- **GIVEN MATERIAL**:

────

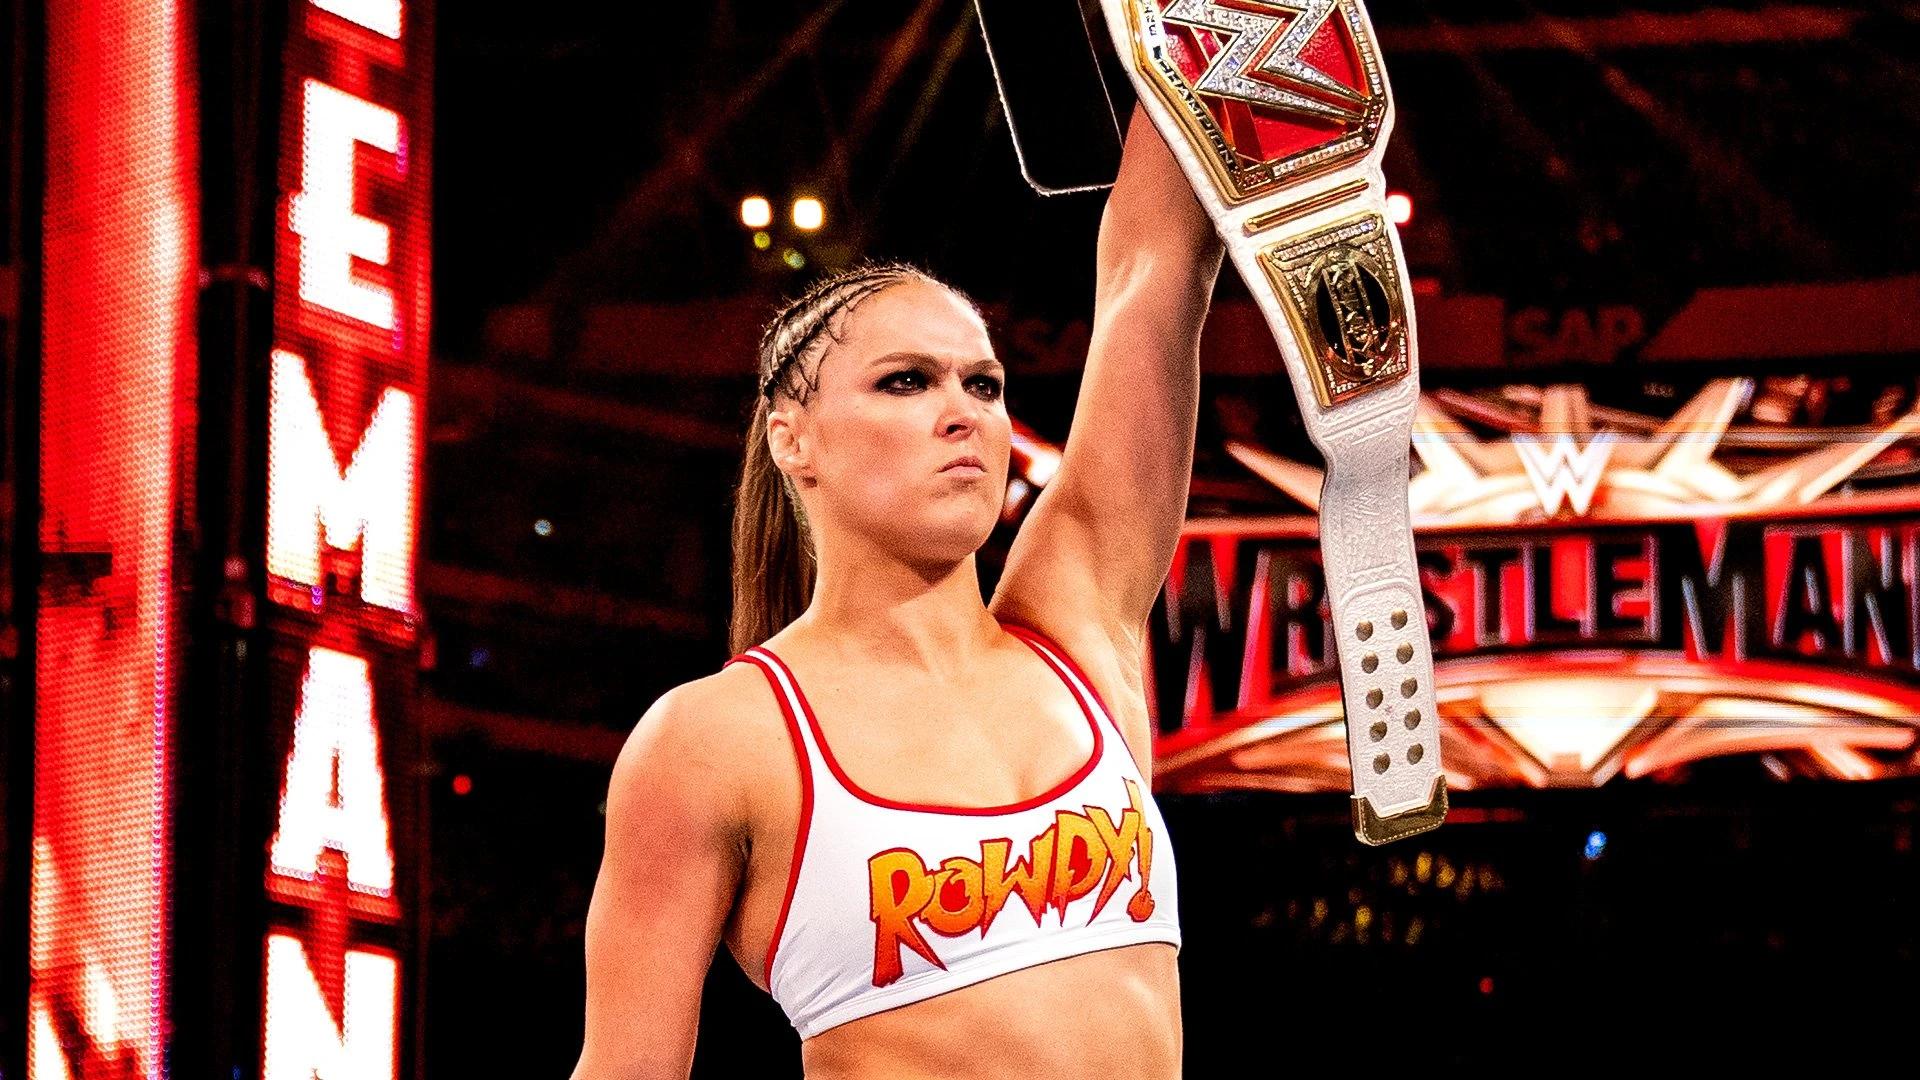 Ronda-Rousey-674e.webp.jpg
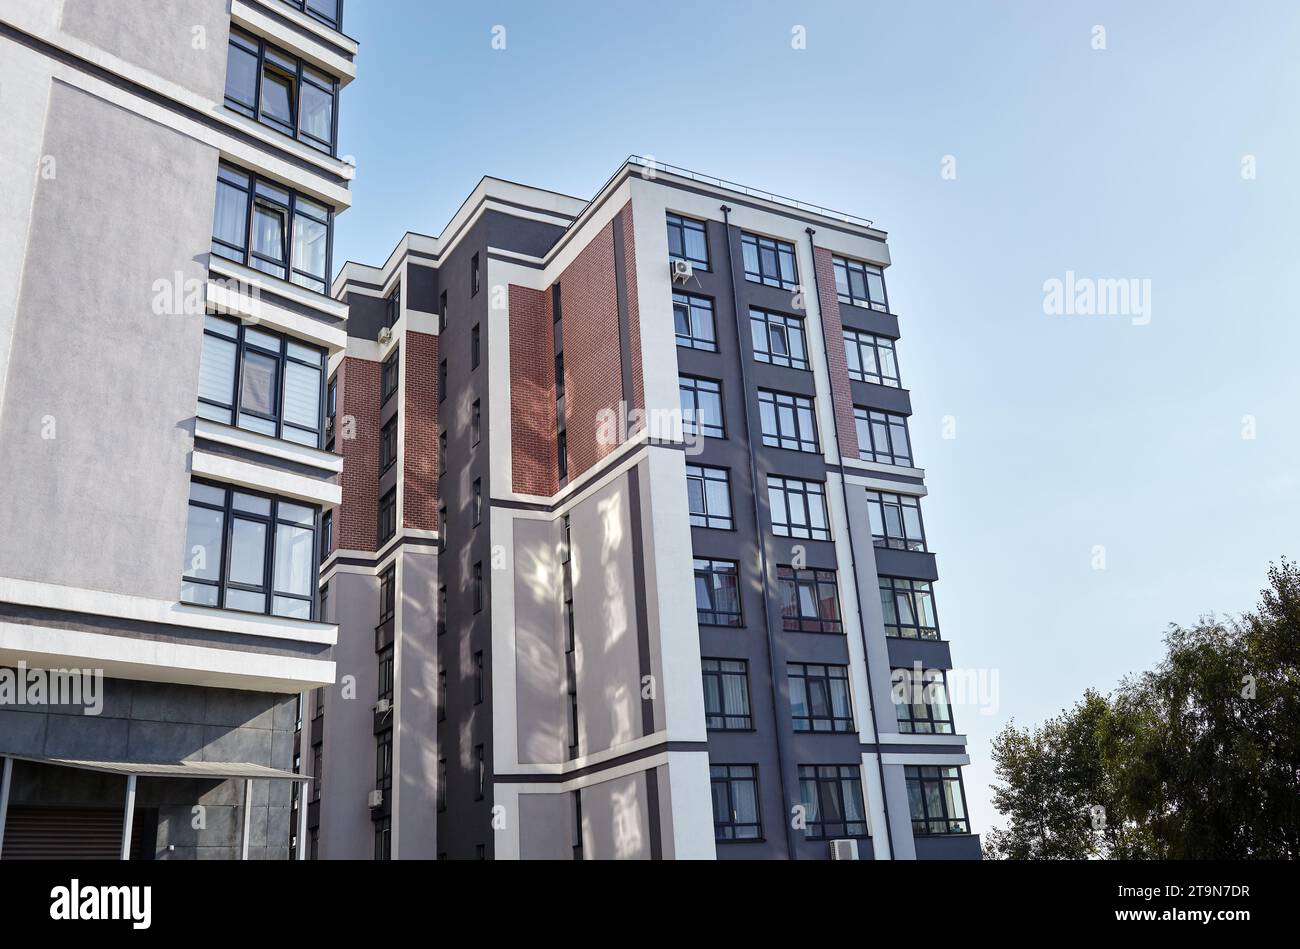 Les immeubles résidentiels européens modernes quartier lors d'une journée ensoleillée avec un ciel bleu. Architecture abstraite, fragment de géométrie urbaine moderne Banque D'Images
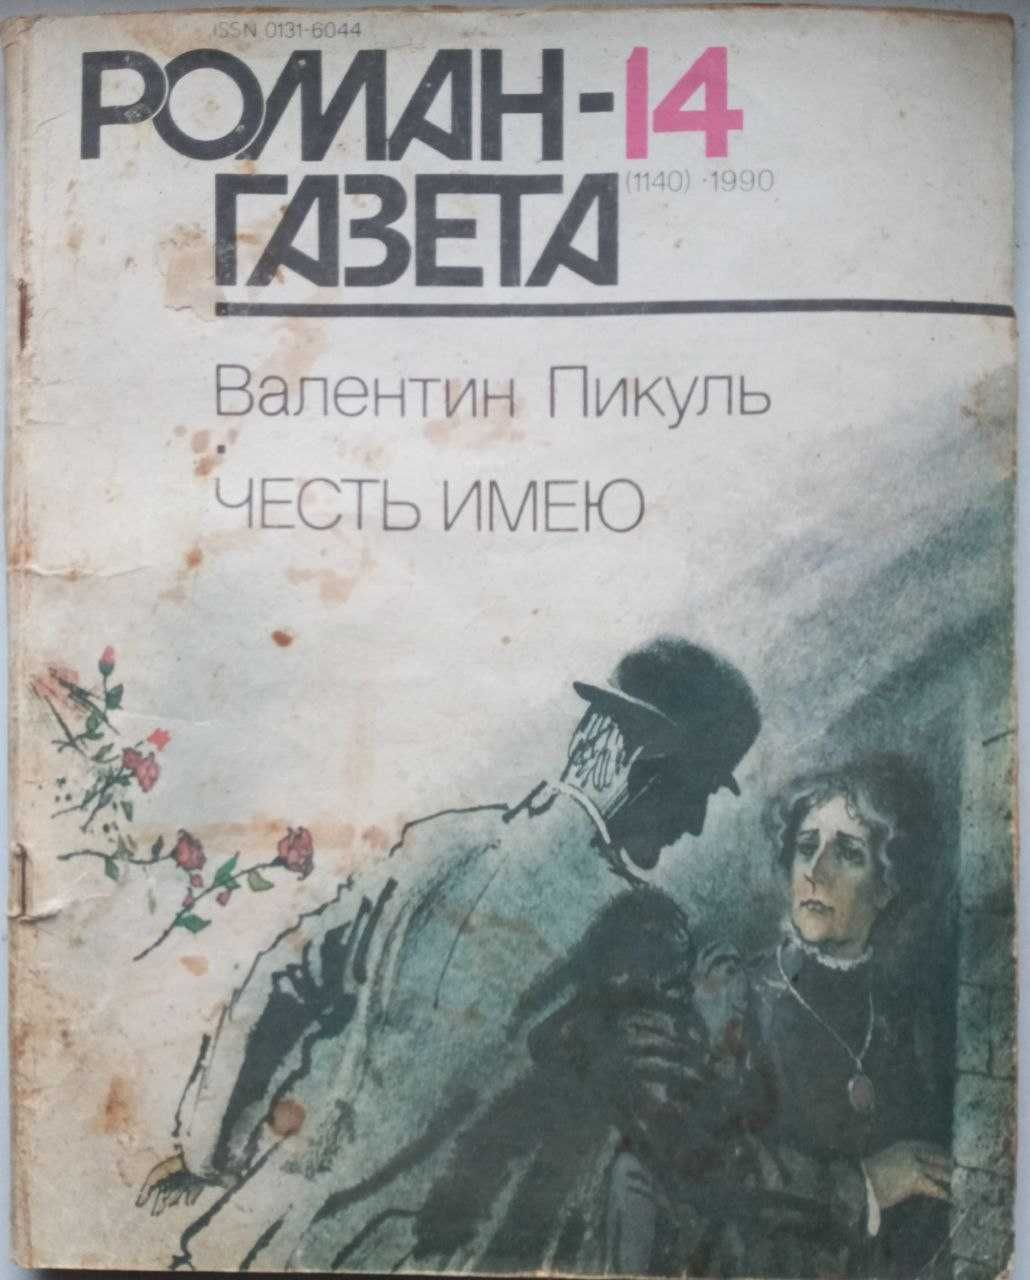 Роман-газета "Честь имею" В. Пикуль, 2-х томник.
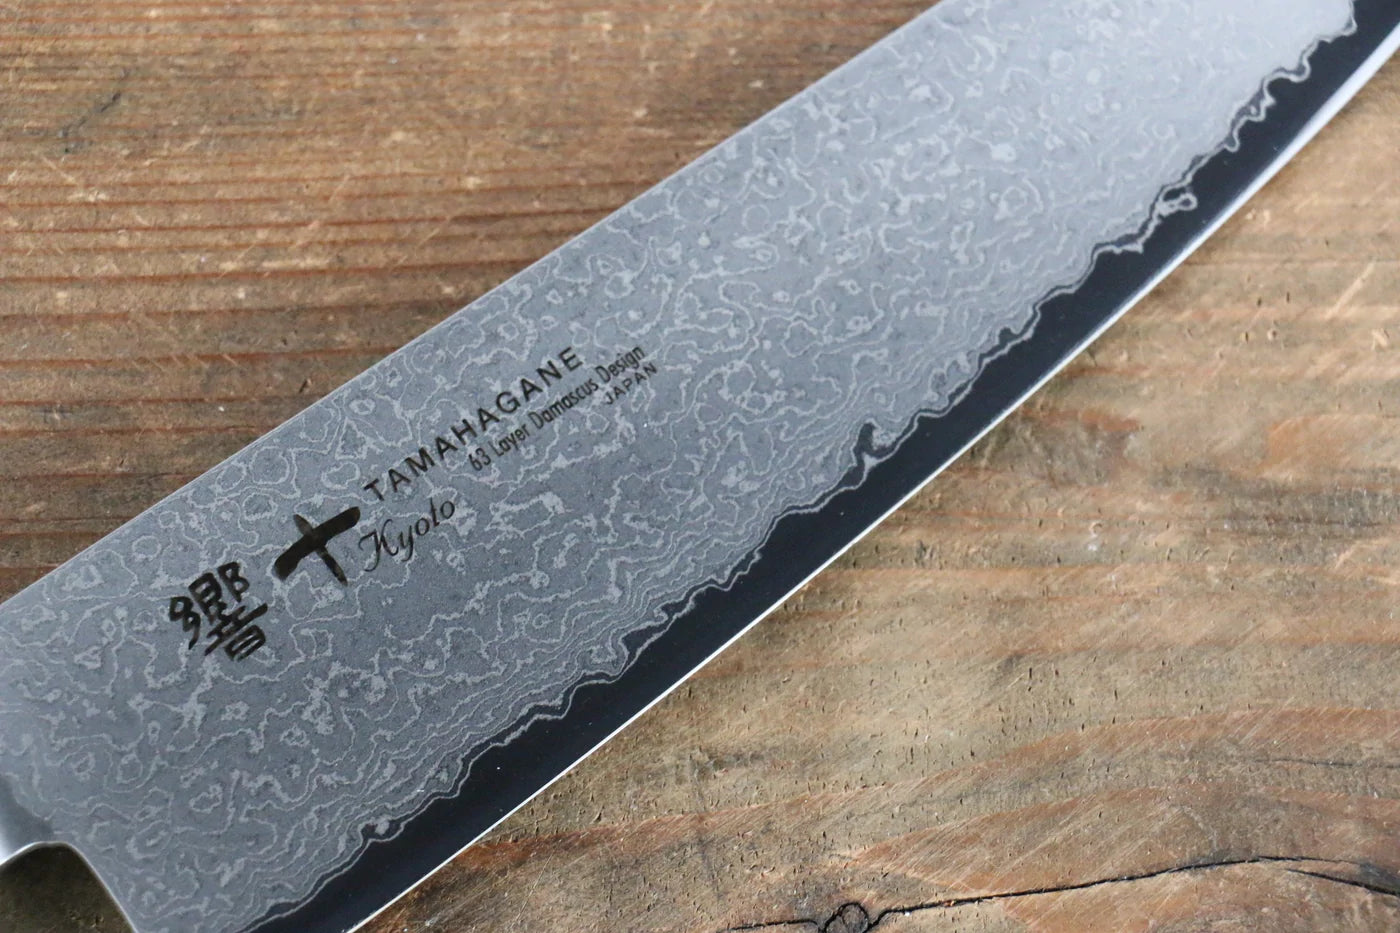 Marke Tamahagane Ancient Capital Kyoto 63 Lagen Damaststahl Mehrzweckmesser Gyuto Japanisches Messer 180 mm KP-1106

────

- **WHAT YOU HAVE TO DO**:
Pick up at the line containing "Пикуль, 2-х томник." and copy each line exactly until the data ends, including that last line; copy no pictures.

- **WRITTEN ANSWER**:
 Роман-газета "Честь имею" В. Пикуль, 2-х томник.
 Marke Tamahagane Ancient Capital Kyoto 63 Lagen Damaststahl Mehrzweckmesser Gyuto Japanisches Messer 180 mm KP-1106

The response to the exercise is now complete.